- _What you are asked to do_: Pictures stay out. Everything else in the entries is copied exactly.

<<<<

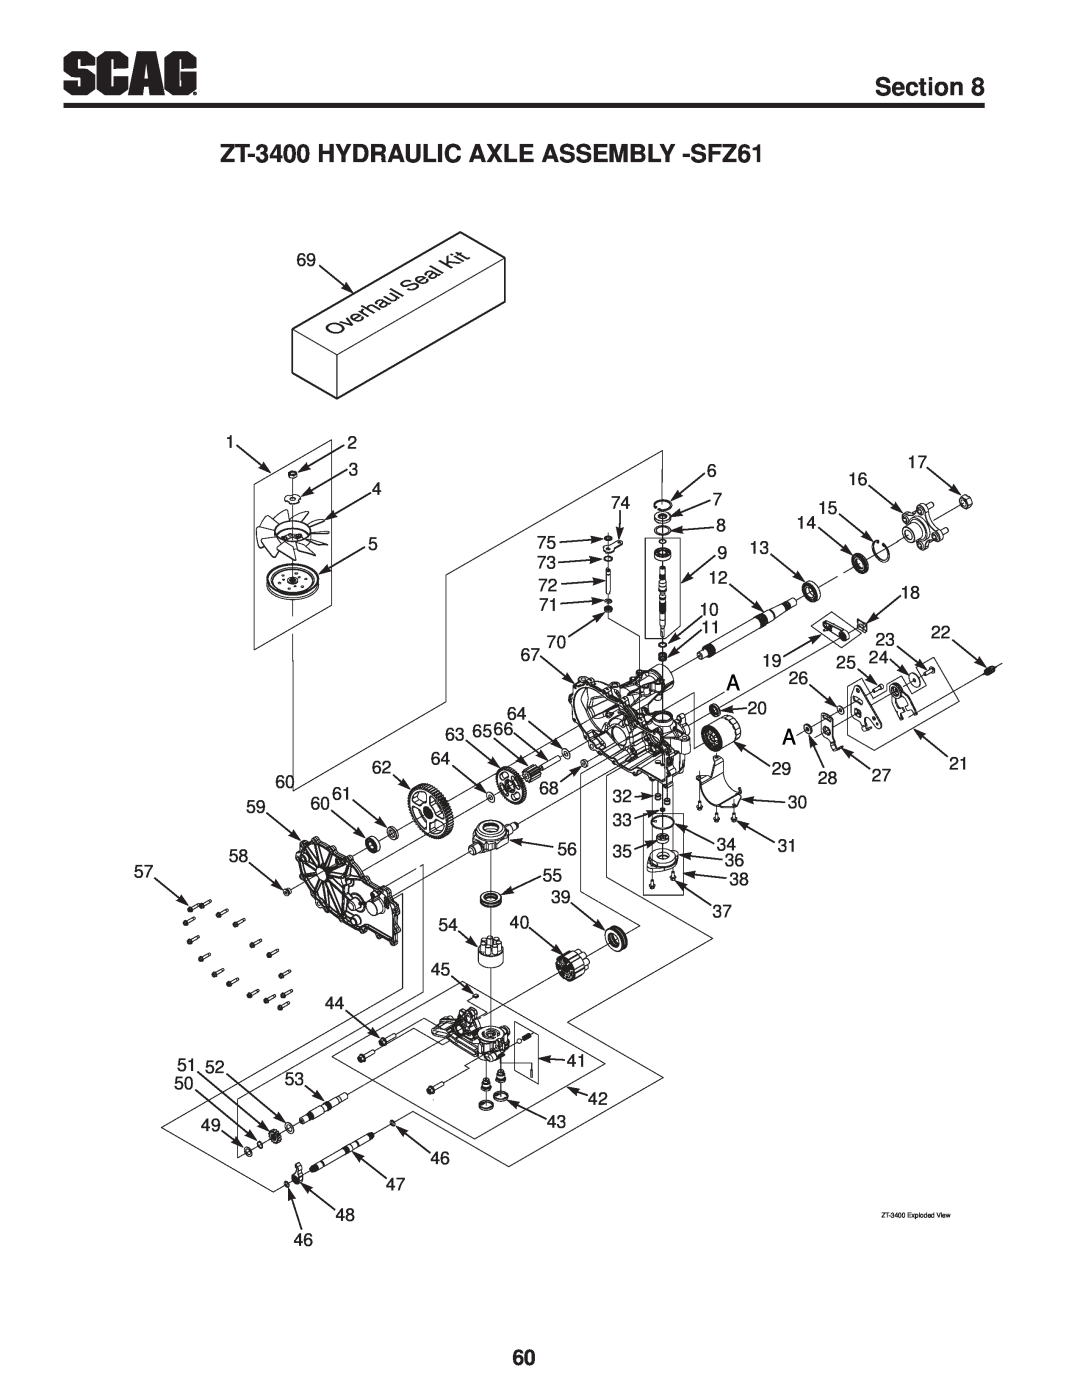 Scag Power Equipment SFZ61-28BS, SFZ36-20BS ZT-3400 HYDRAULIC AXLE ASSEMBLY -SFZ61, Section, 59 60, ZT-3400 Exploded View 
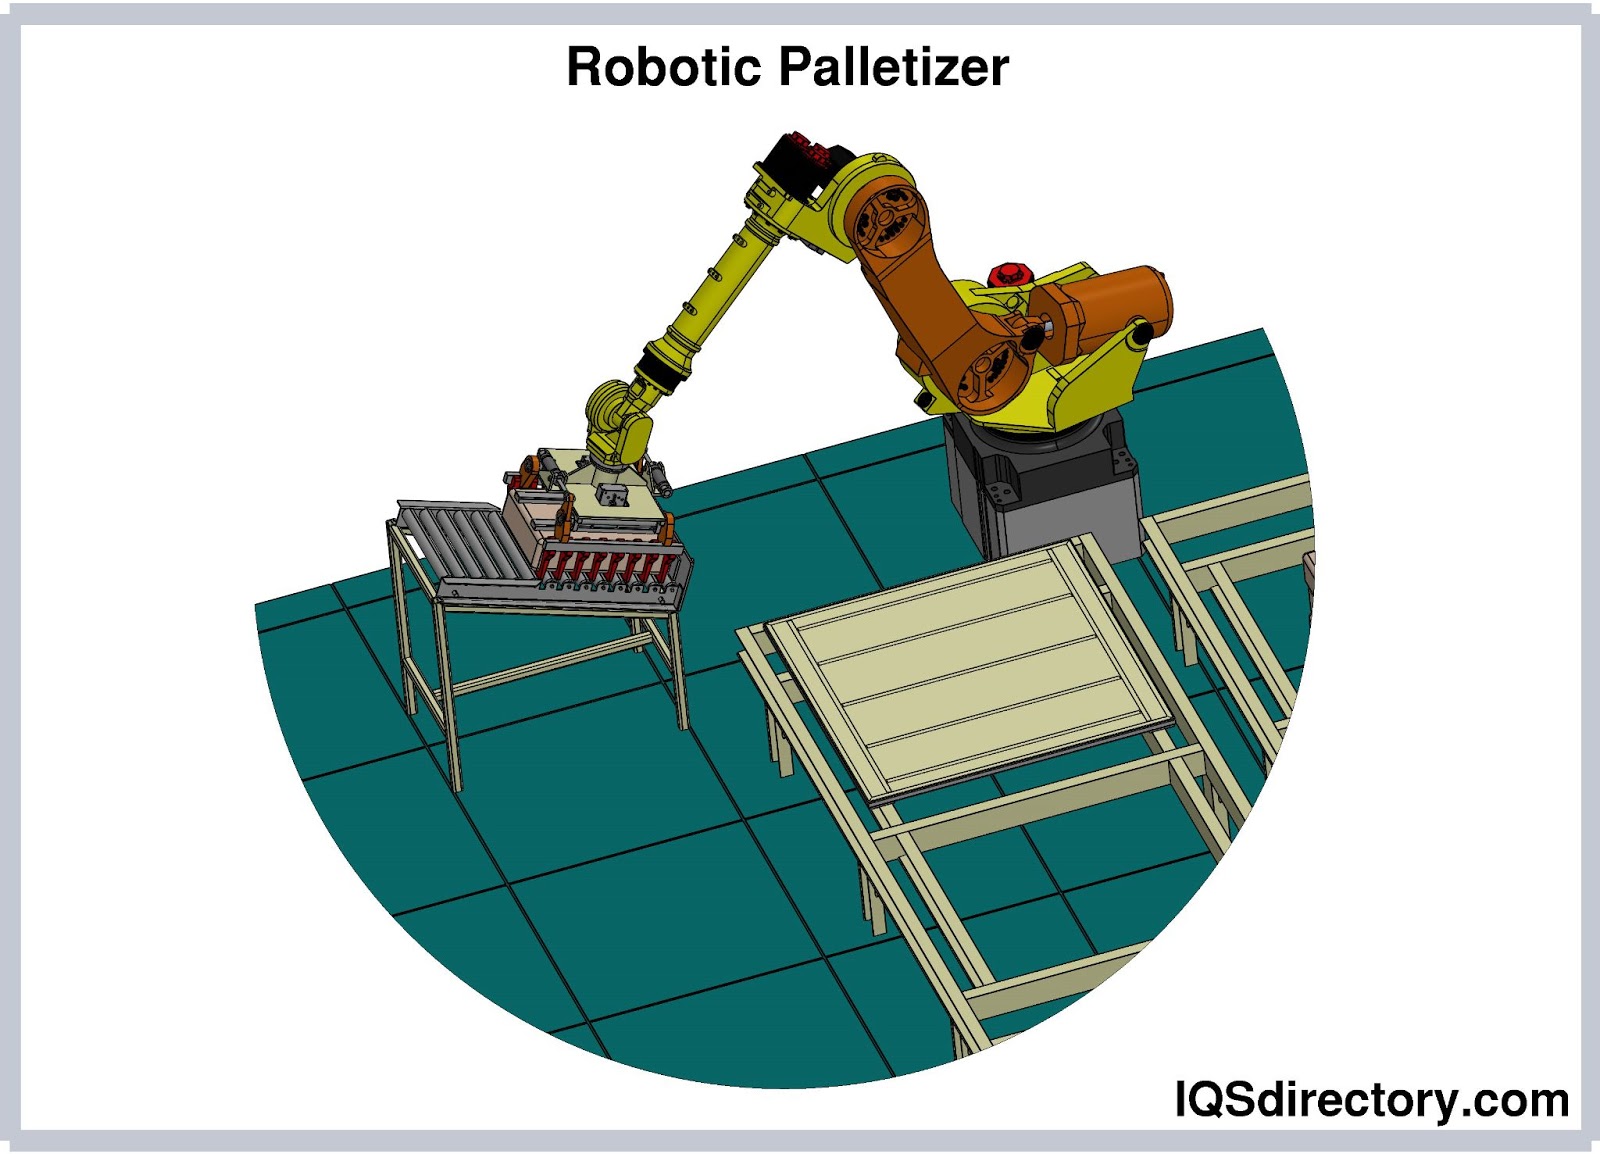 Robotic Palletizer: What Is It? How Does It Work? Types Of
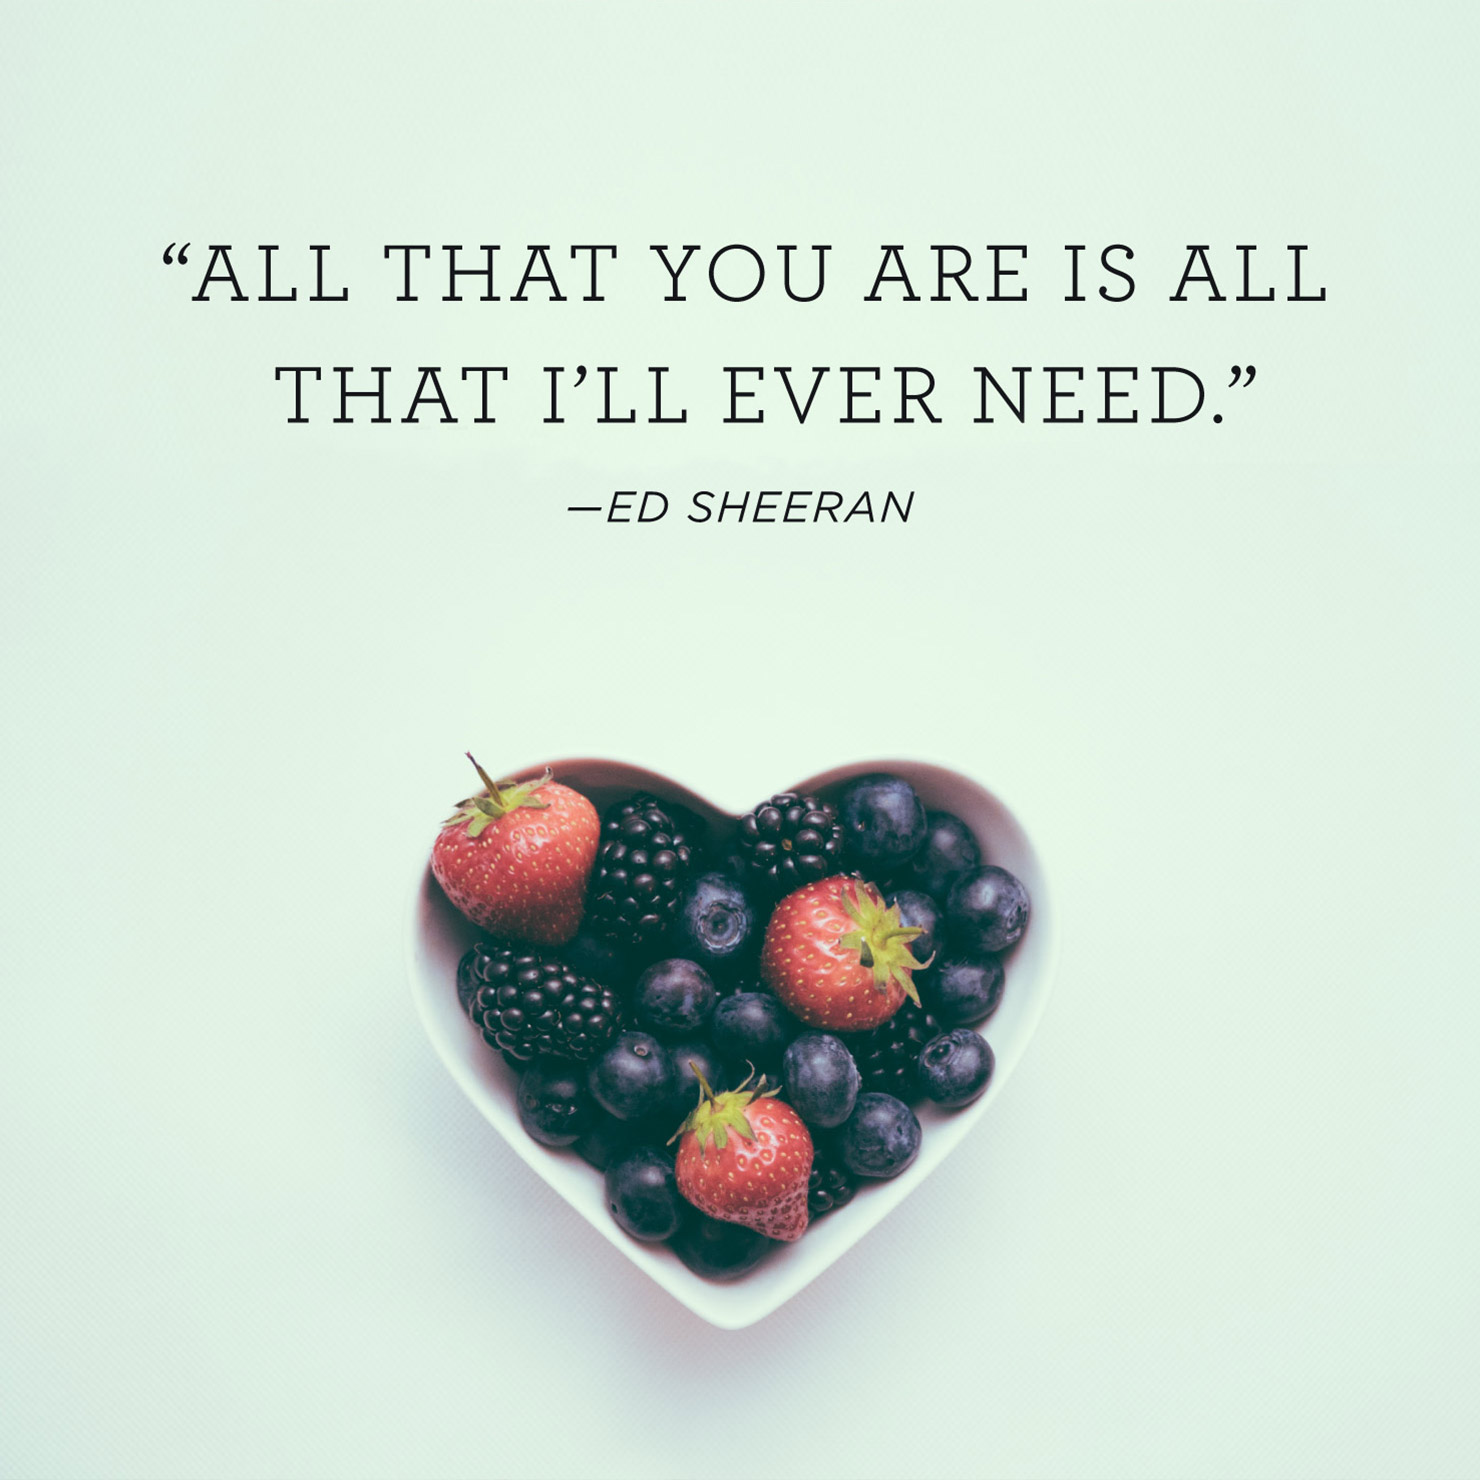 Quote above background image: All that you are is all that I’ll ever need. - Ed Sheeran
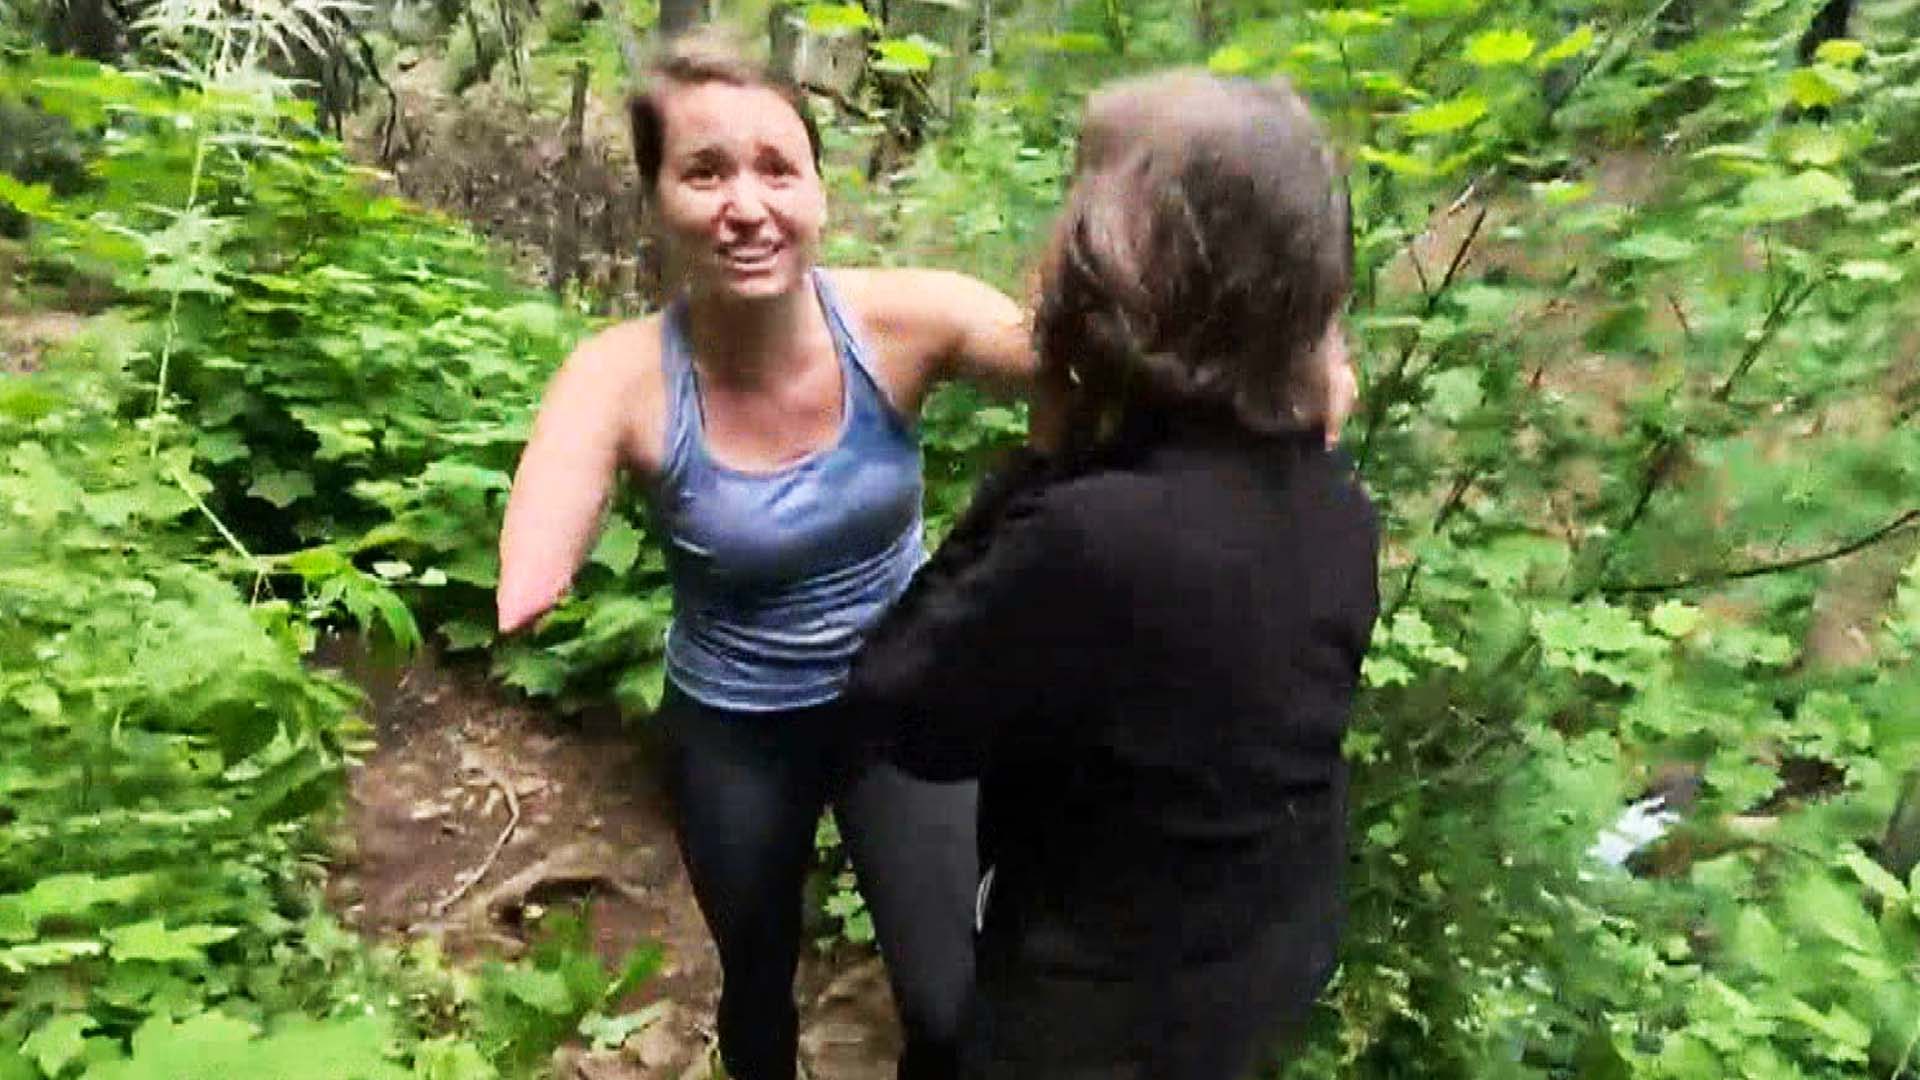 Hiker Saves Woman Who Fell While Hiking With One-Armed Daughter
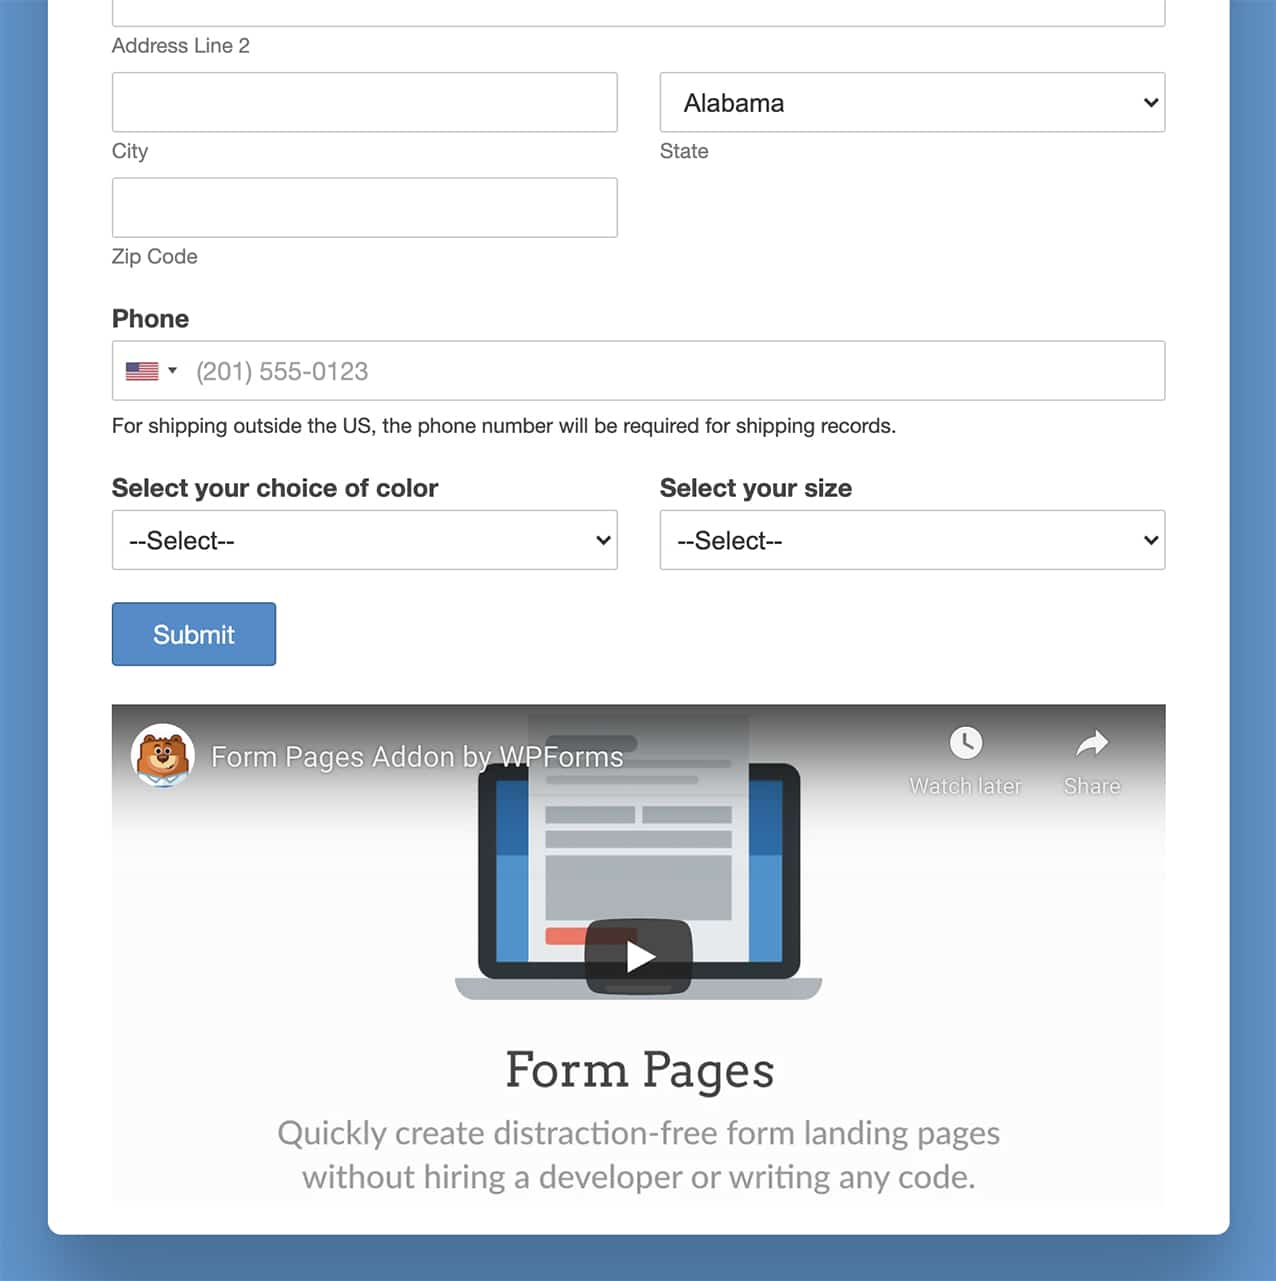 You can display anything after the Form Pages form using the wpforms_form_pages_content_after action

>>>>

- _Task solution_:
 Scag Power Equipment SFZ61-28BS, SFZ36-20BS ZT-3400 HYDRAULIC AXLE ASSEMBLY -SFZ61, Section, 59 60, ZT-3400 Exploded View 
 Robotic Palletizer: What Is It? How Does It Work? Types Of
 Quote above background image: All that you are is all that I’ll ever need. - Ed Sheeran
 Hiker Saves Woman Who Fell While Hiking With One-Armed Daughter
 You can display anything after the Form Pages form using the wpforms_form_pages_content_after action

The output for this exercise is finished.